■ WORK INSTRUCTIONS:
Repeat the listing that follows character for character, omitting images.

■ DATASET EXCERPT:

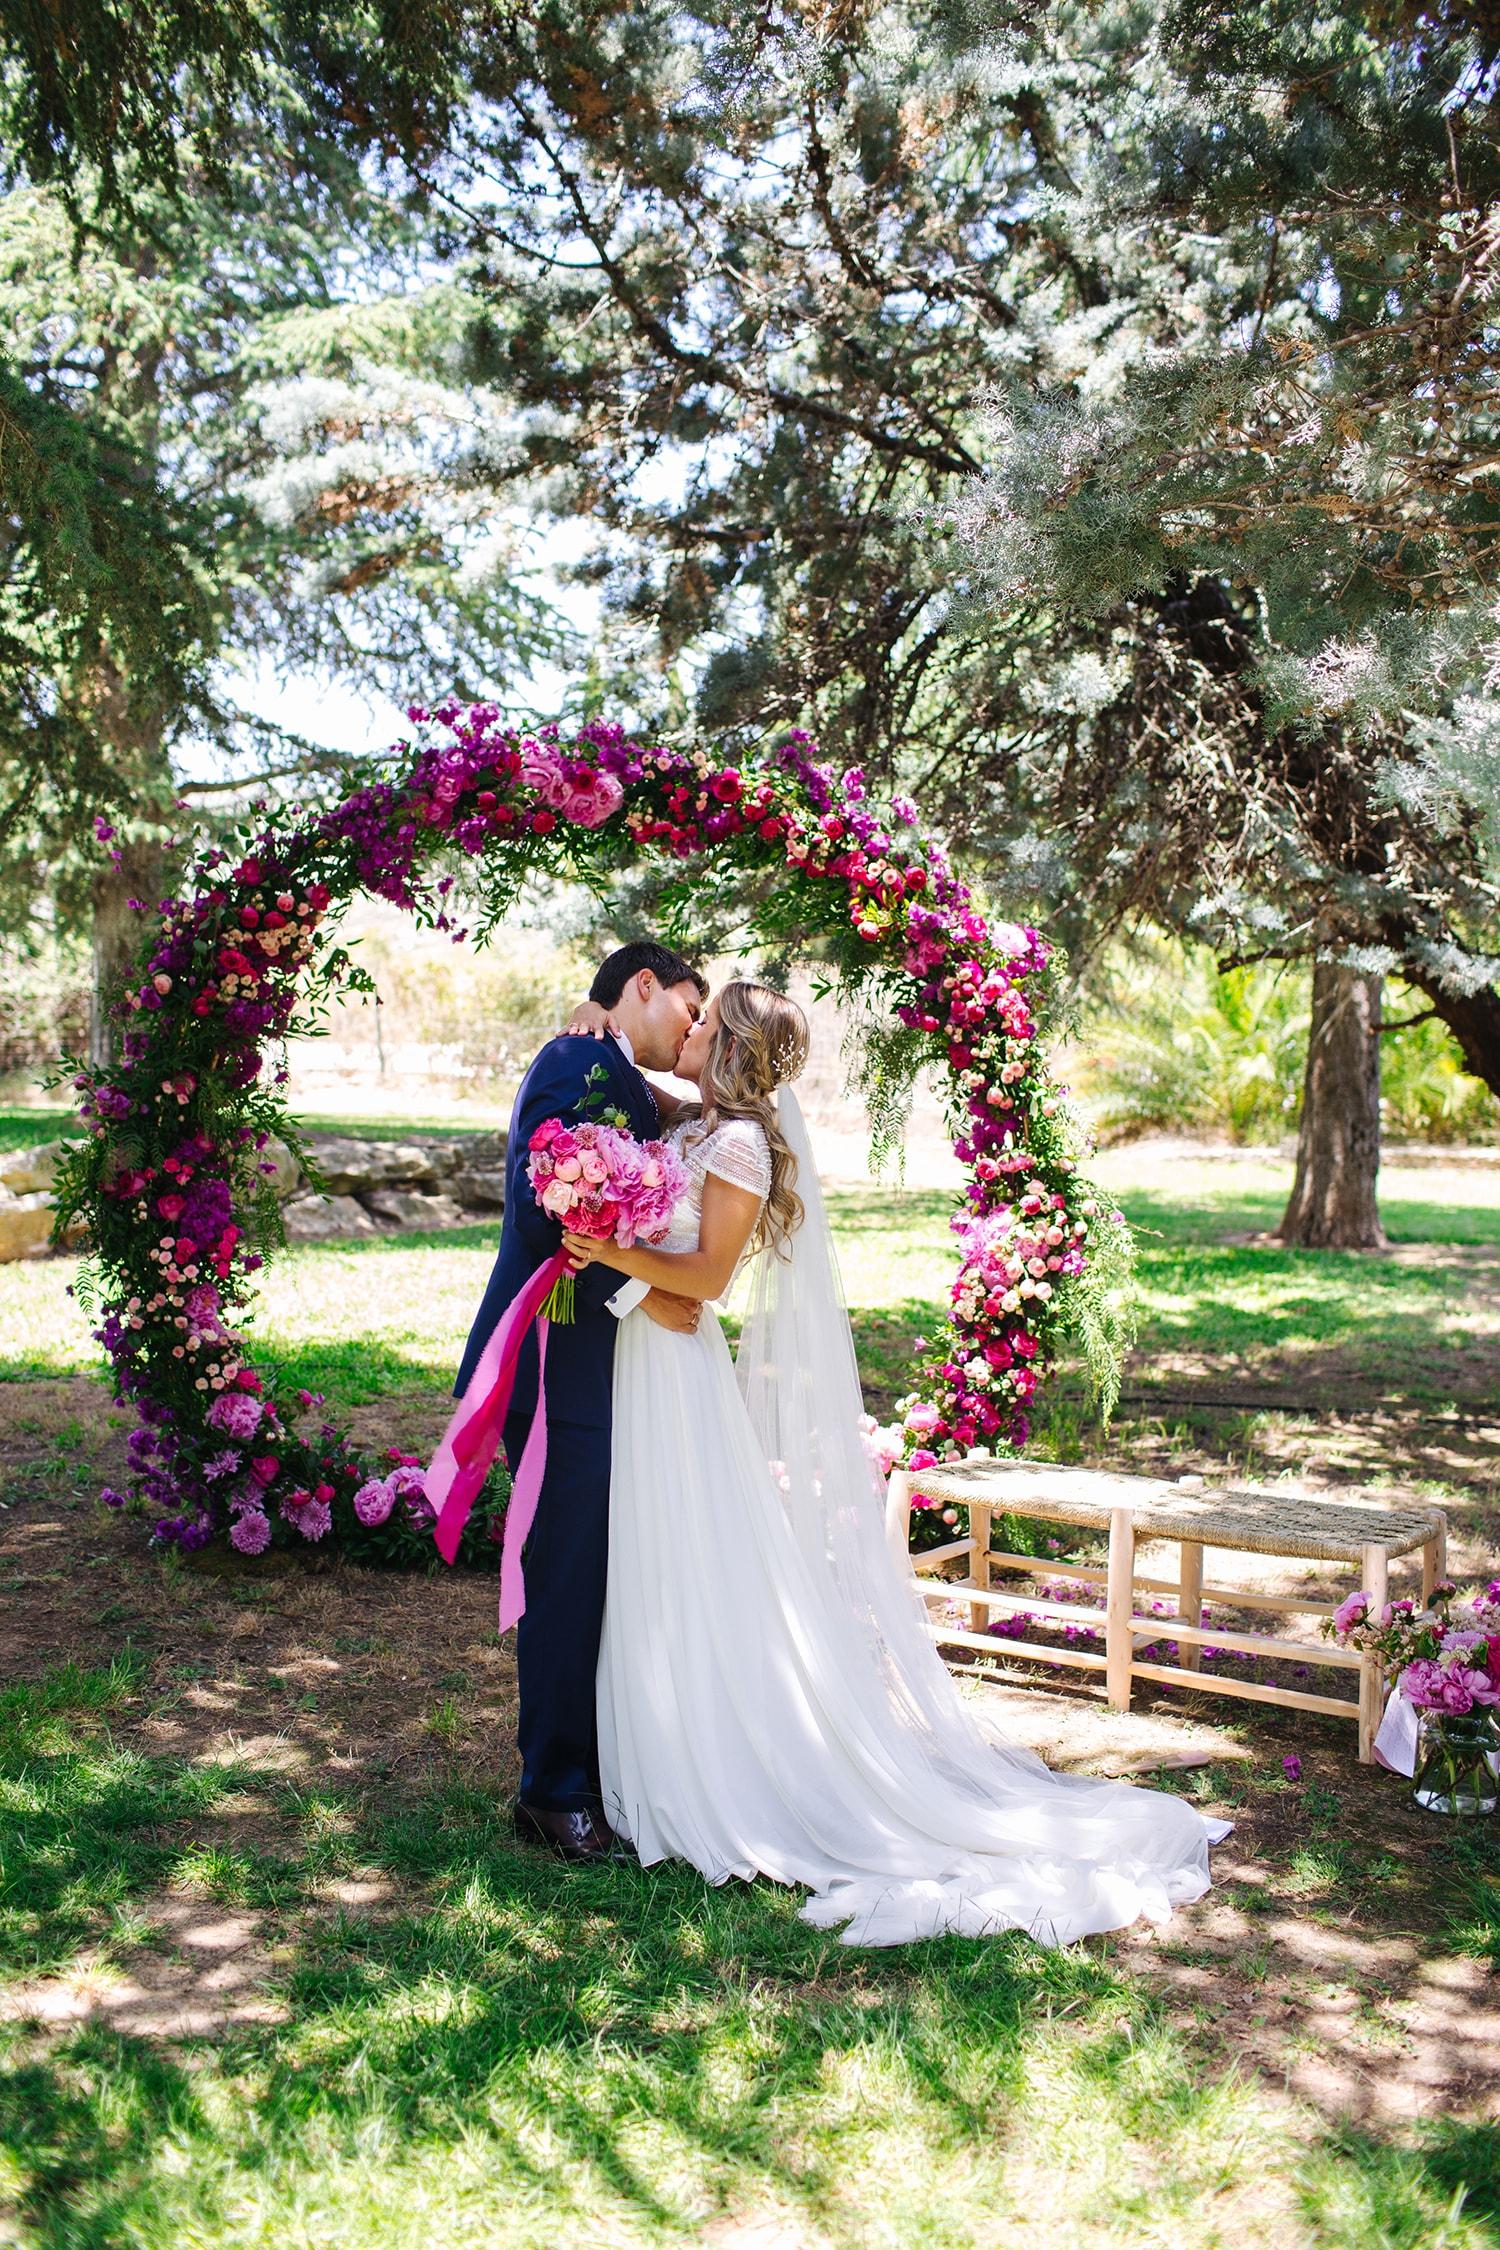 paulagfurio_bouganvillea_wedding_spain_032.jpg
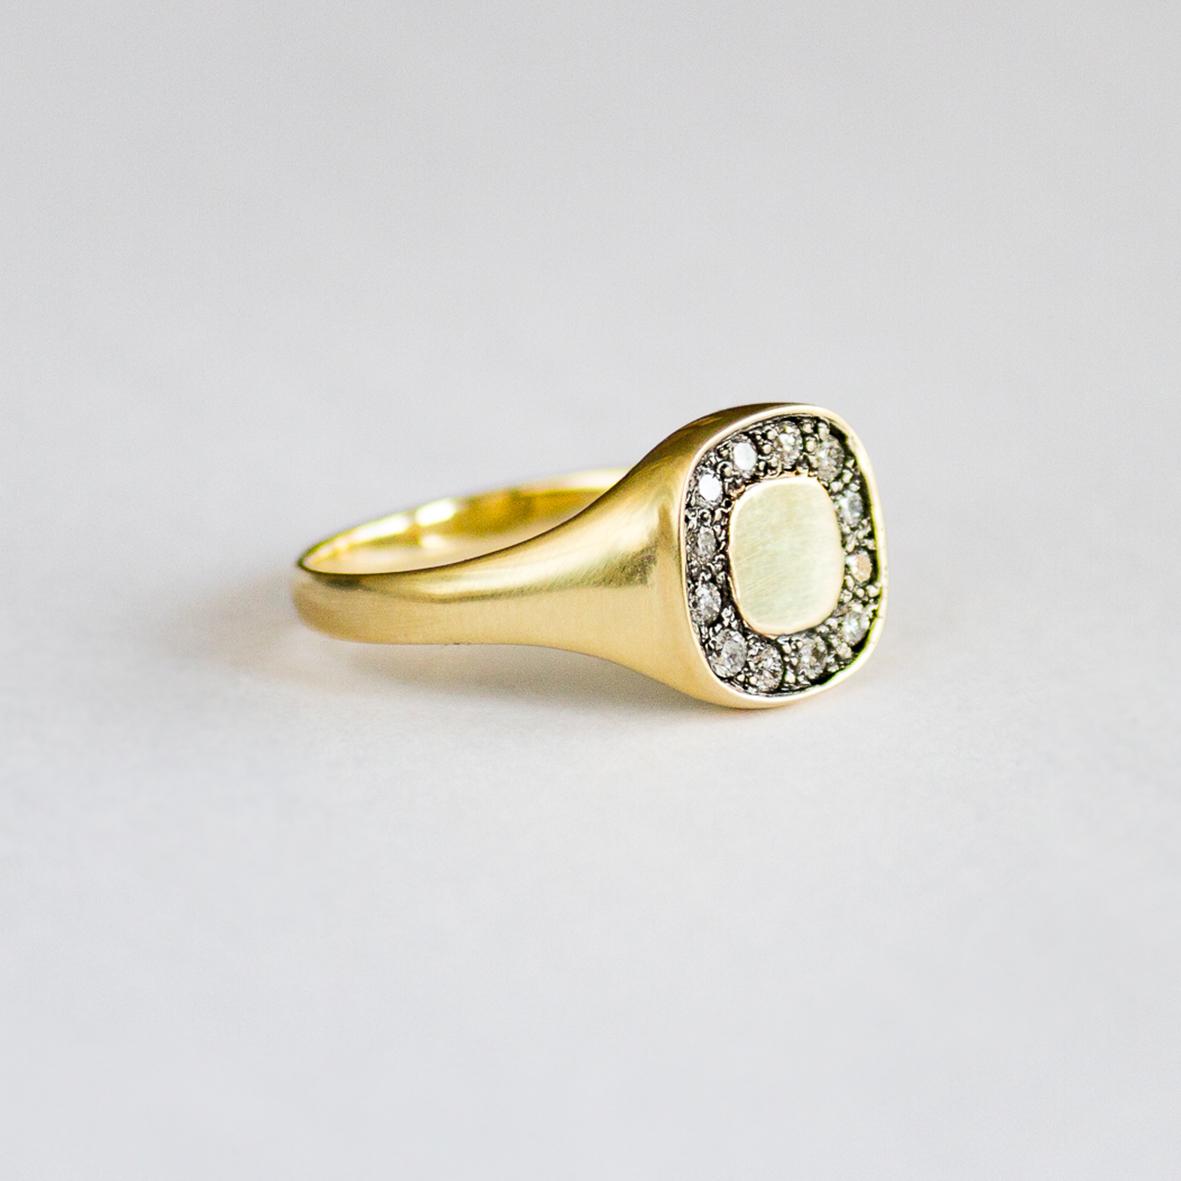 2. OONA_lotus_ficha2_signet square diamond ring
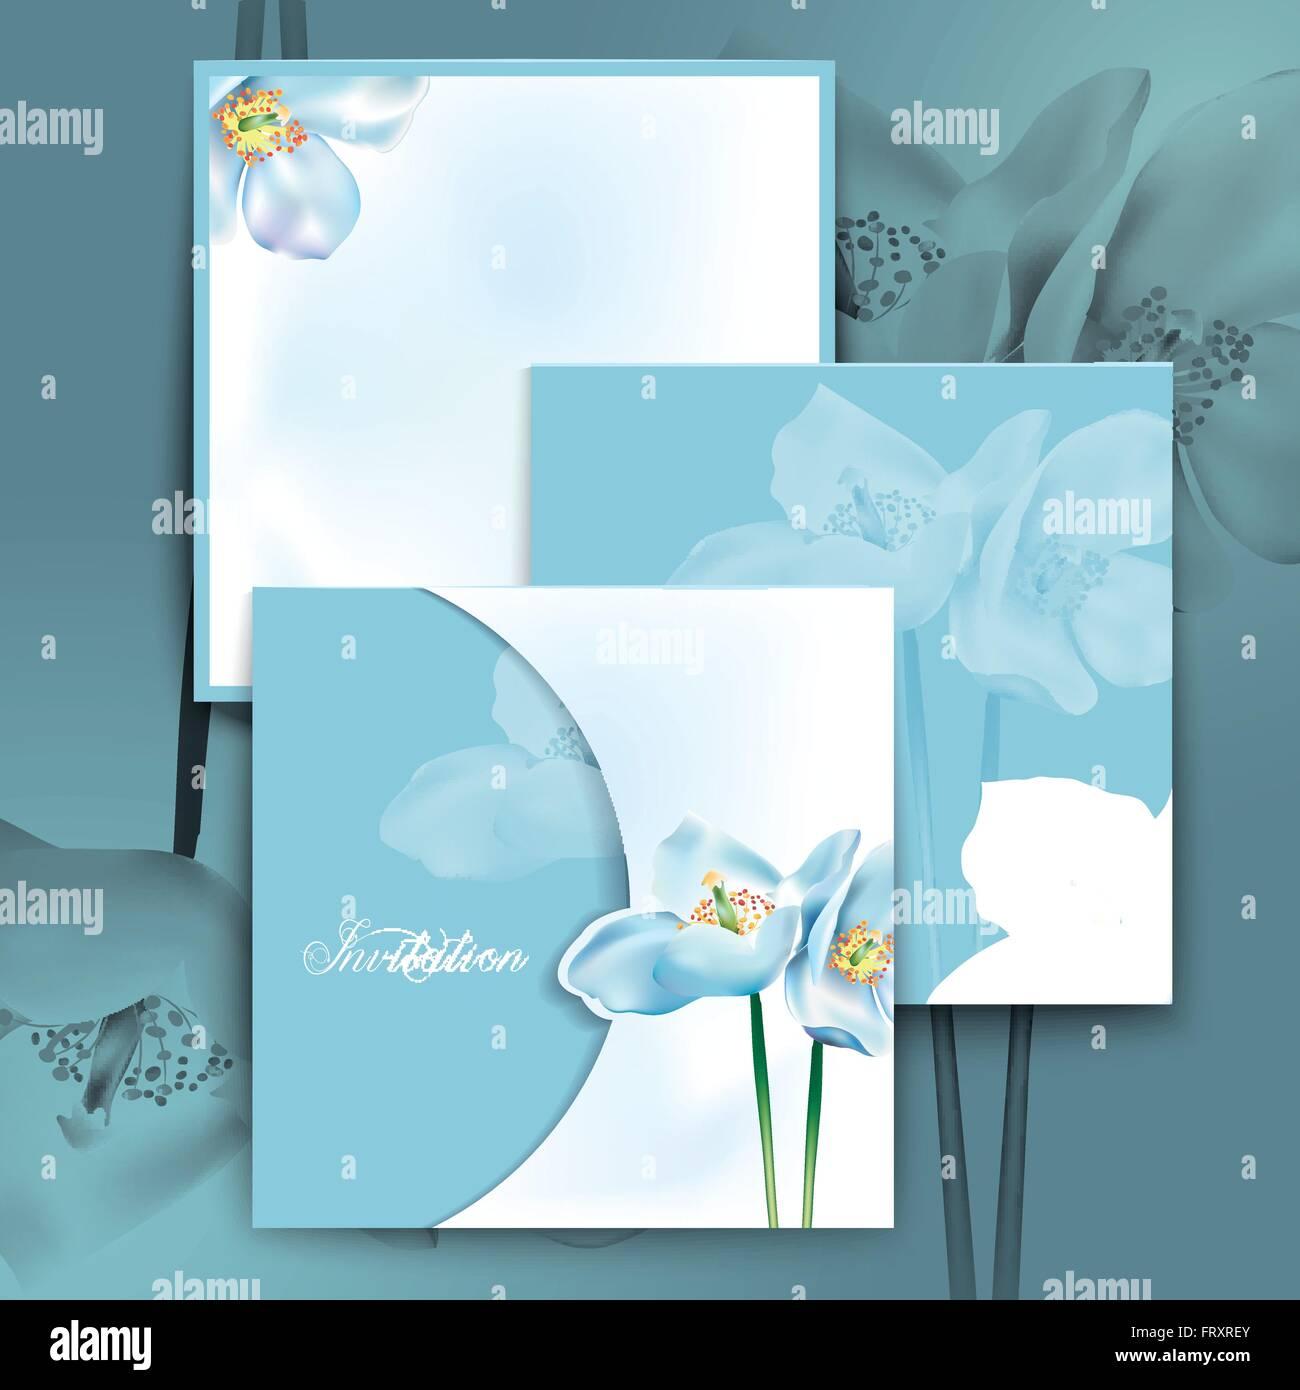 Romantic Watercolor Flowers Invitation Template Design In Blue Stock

■ RESPONSE FOR THIS EXERCISE:
 paulagfurio_bouganvillea_wedding_spain_032.jpg
 2. OONA_lotus_ficha2_signet square diamond ring
 Romantic Watercolor Flowers Invitation Template Design In Blue Stock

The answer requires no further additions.